- Jaitpur Location in Uttar Pradesh, India
- Coordinates: 27°03′37″N 78°51′29″E﻿ / ﻿27.06026°N 78.85794°E
- Country: India
- State: Uttar Pradesh
- District: Mainpuri
- Tehsil: Karhal

Area
- • Total: 1.760 km^{2} (0.680 sq mi)

Population (2011)
- • Total: 1,024
- • Density: 581.8/km^{2} (1,507/sq mi)
- Time zone: UTC+5:30 (IST)

= Jaitpur, Mainpuri =

Village in Uttar Pradesh, India

Jaitpur is a village in Barnahal block of Mainpuri district, Uttar Pradesh. As of 2011, it has a population of 1,024, in 162 households.

== Demographics ==
As of 2011, Jaitpur had a population of 1,024, in 162 households. This population was 51.3% male (525) and 48.7% female (499). The 0-6 age group numbered 154 (74 male and 80 female), or 15.0% of the total population. 371 residents were members of Scheduled Castes, or 36.2% of the total.
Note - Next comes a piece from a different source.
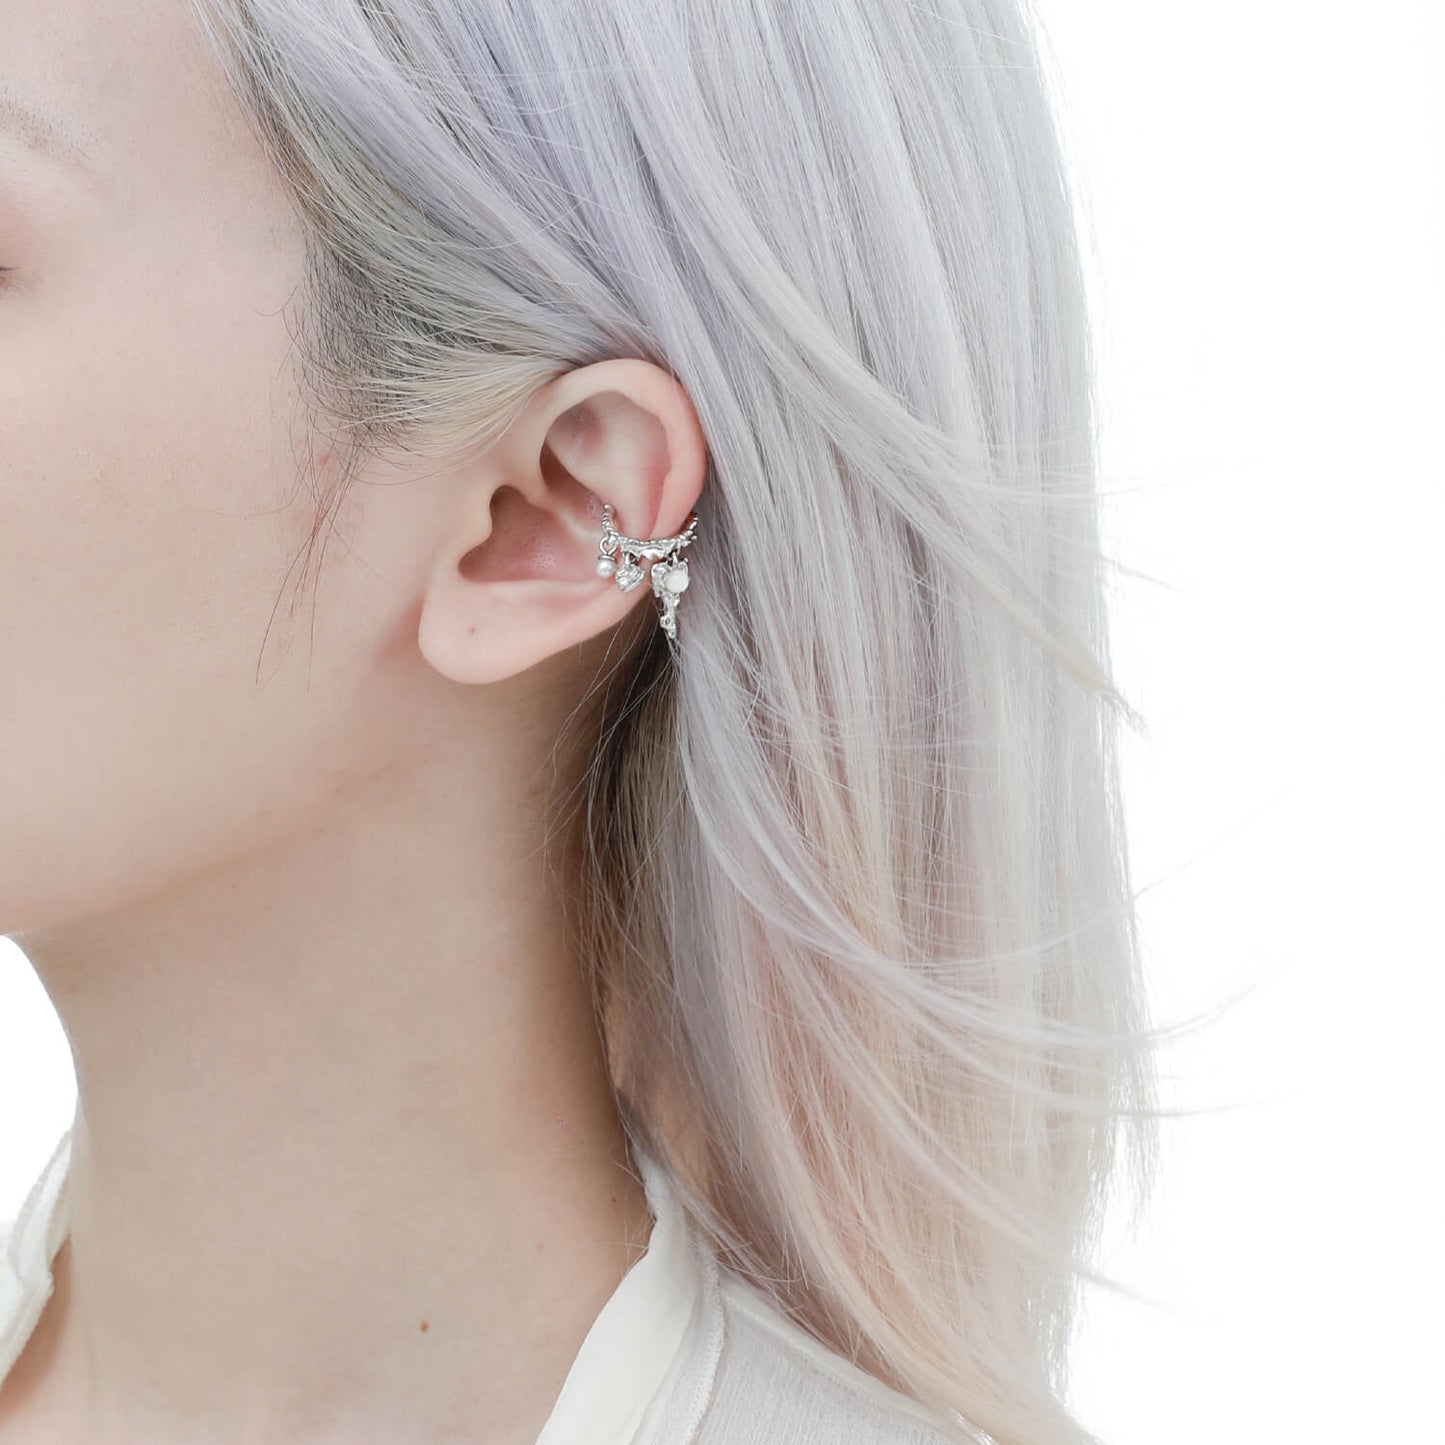 Embrace the charm of unique jewelry with these ear clips. The irregular round circles hold a trio of dainty pendants, including a delicate lock, a heart, and a lustrous pearl. The combination of these minuscule yet detailed elements adds an air of sophistication to your look.

The 1961 census recorded Jaitpur as comprising 3 hamlets, with a total population of 362 people (189 male and 173 female), in 65 households and 47 physical houses. The area of the village was given as 437 acres.

== Infrastructure ==
As of 2011, Jaitpur had 1 primary school; it did not have any kind of healthcare facility. Drinking water was provided by hand pump and tube well; there were no public toilets. The village had a post office, as well as at least some access to electricity for all purposes. There was no public library. Streets were made of a mix of both kachcha and pakka materials.